(Records to use):

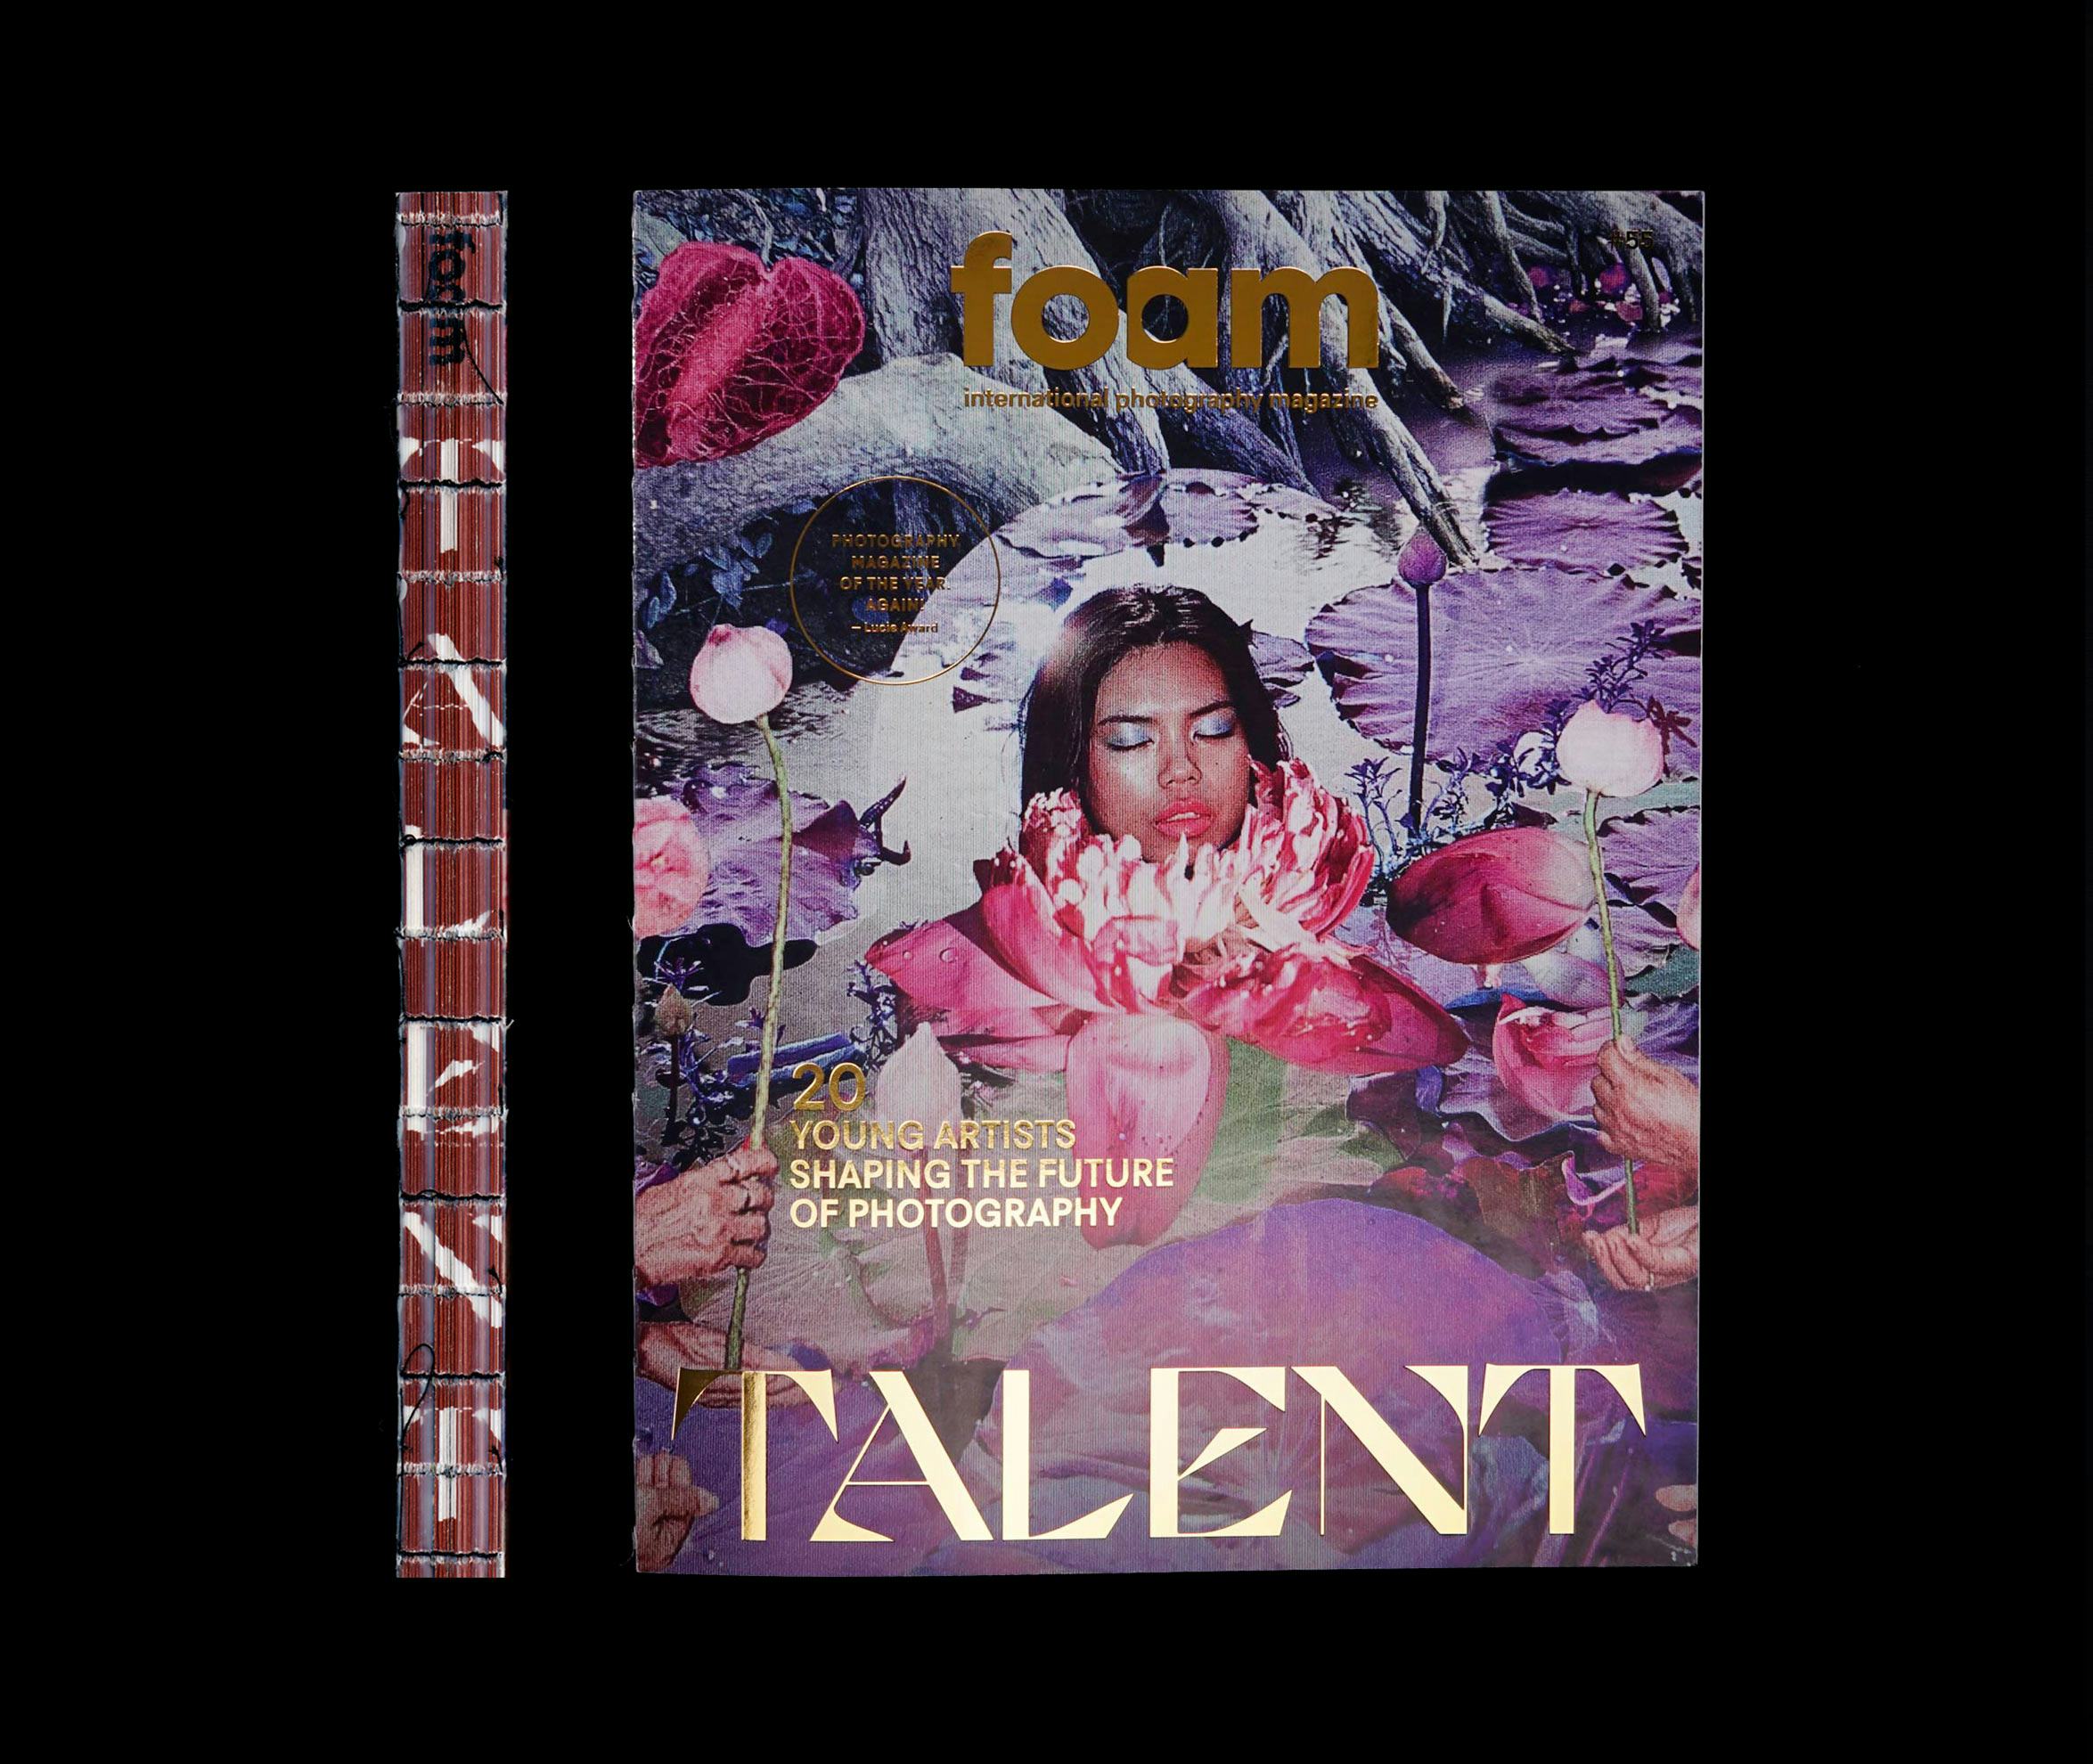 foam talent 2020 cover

* * *

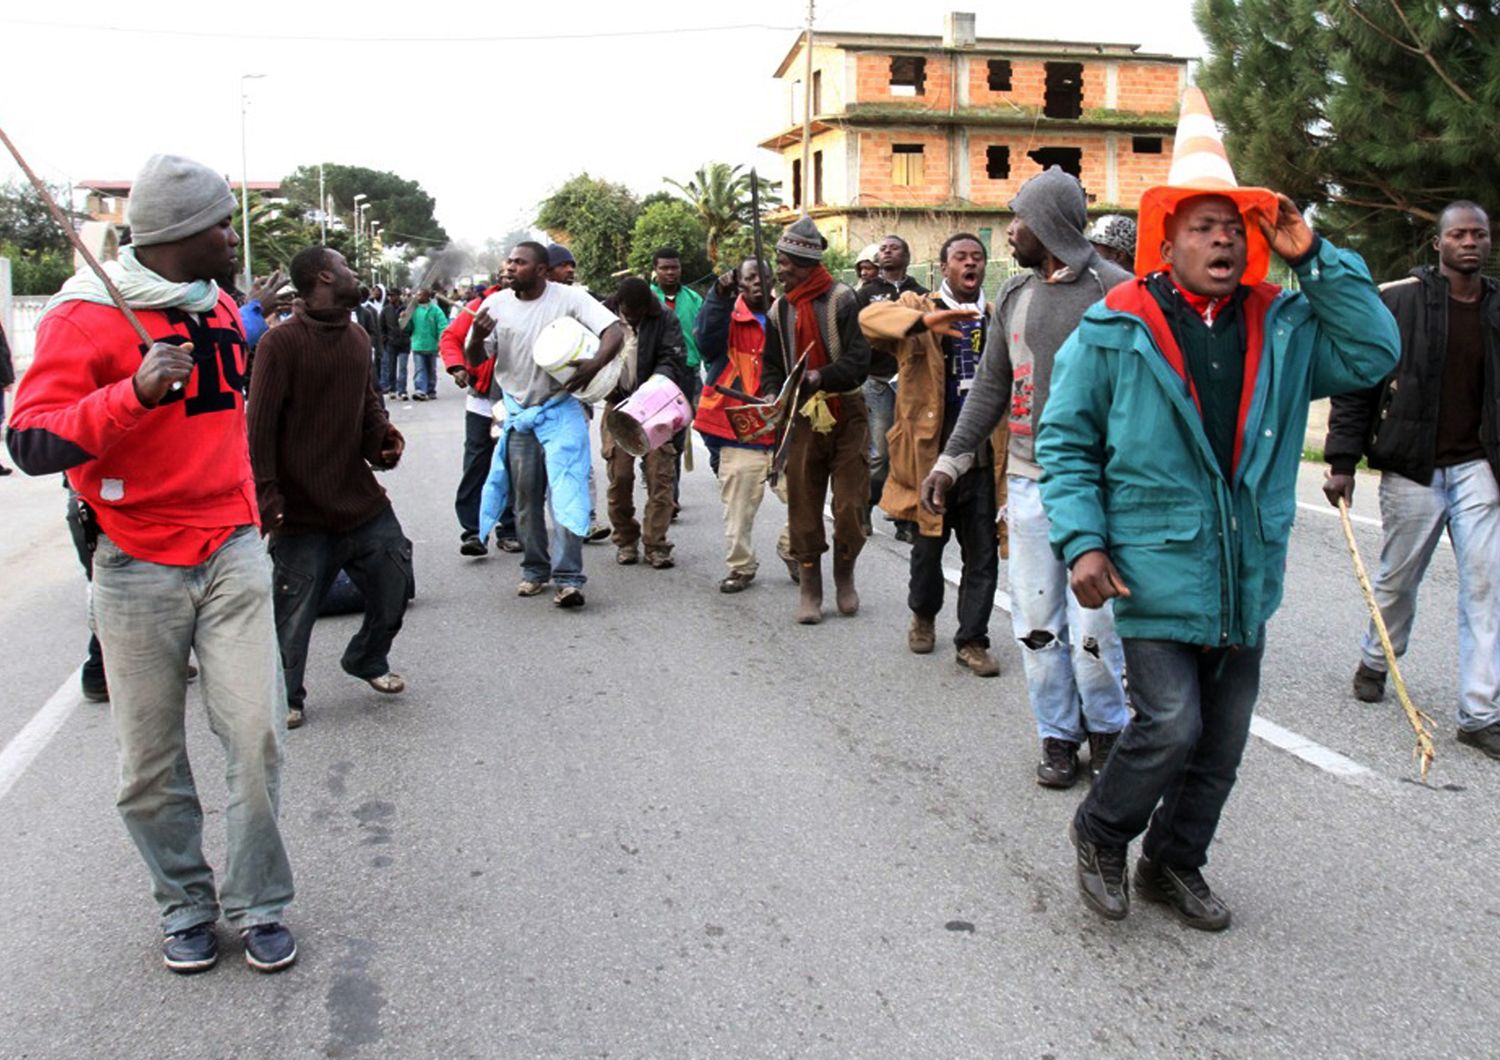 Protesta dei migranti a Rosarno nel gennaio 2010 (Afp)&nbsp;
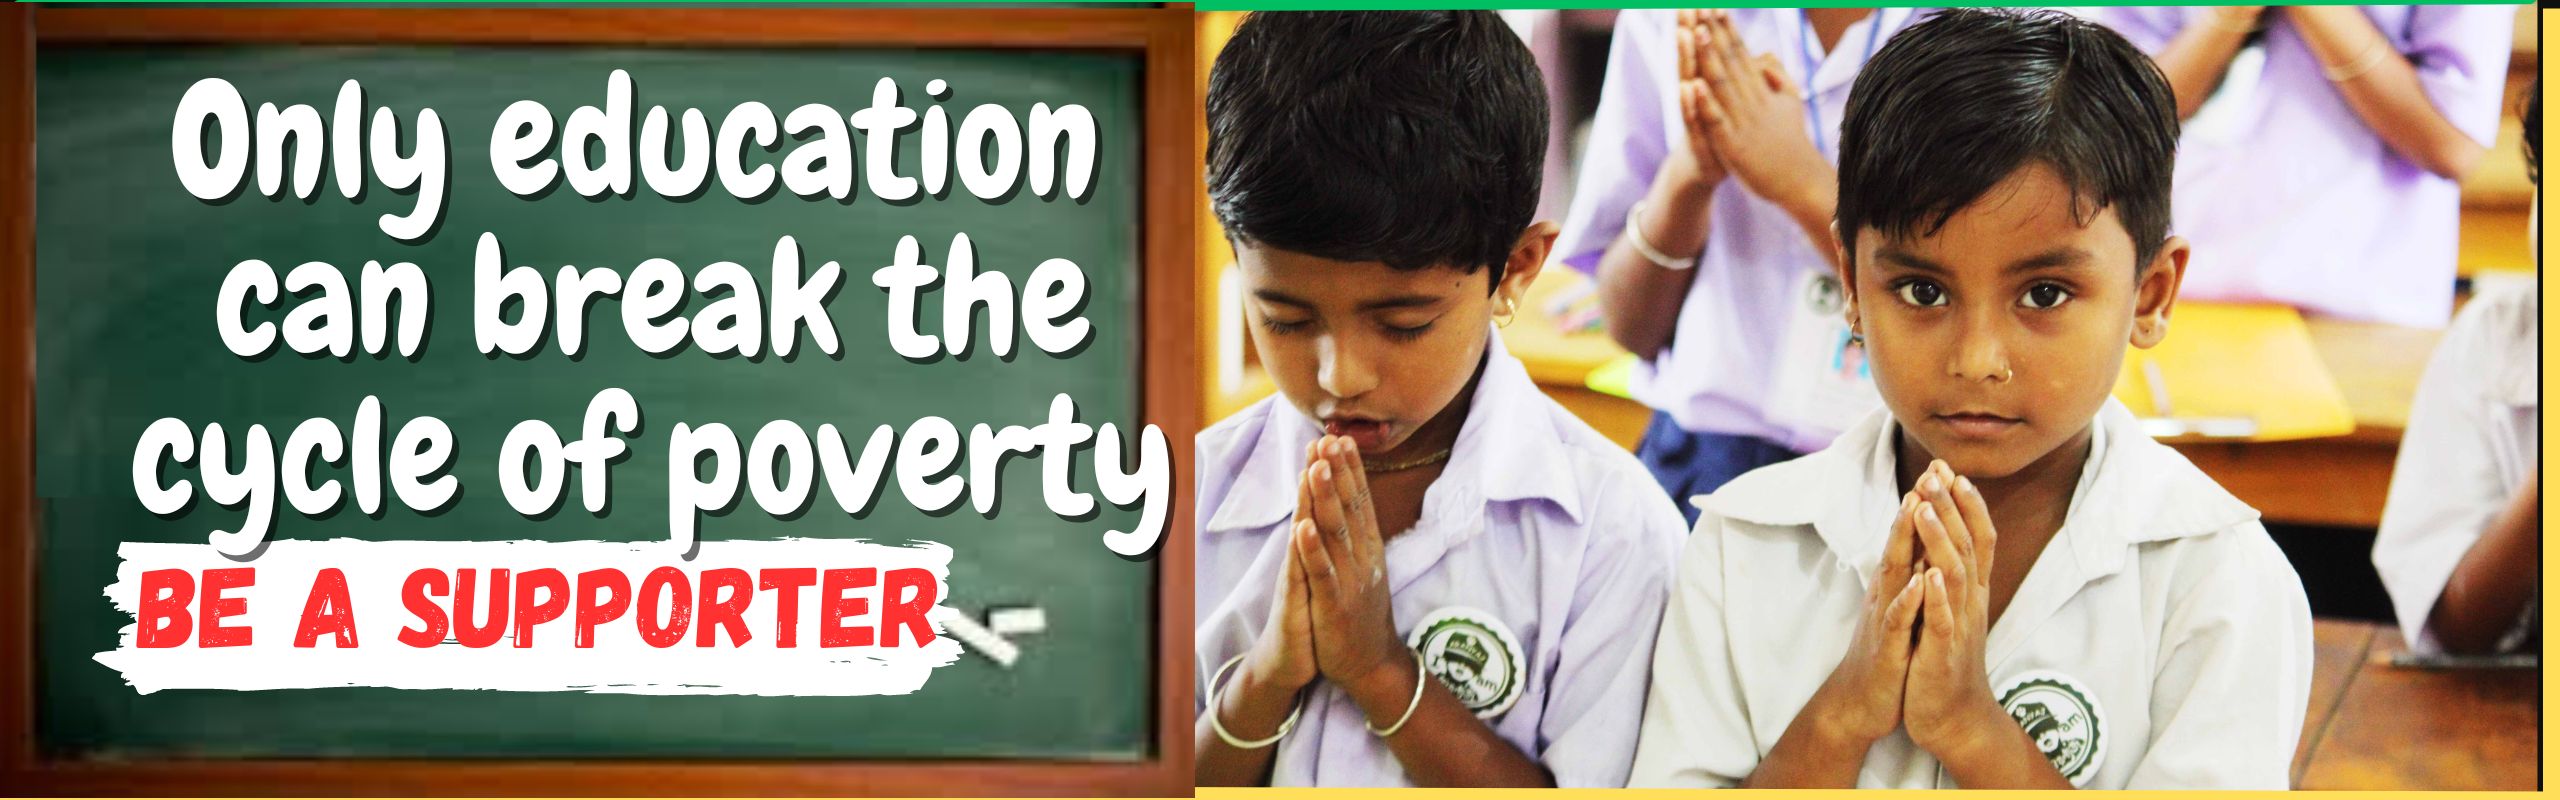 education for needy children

(What you have to do): Would you give again, exactly, the lines in the data above that run from the line containing "Protesta dei migranti" to the line containing "education for needy children"? Include both ends and no pictures.

(Exercise response):
 Protesta dei migranti a Rosarno nel gennaio 2010 (Afp)&nbsp;
 education for needy children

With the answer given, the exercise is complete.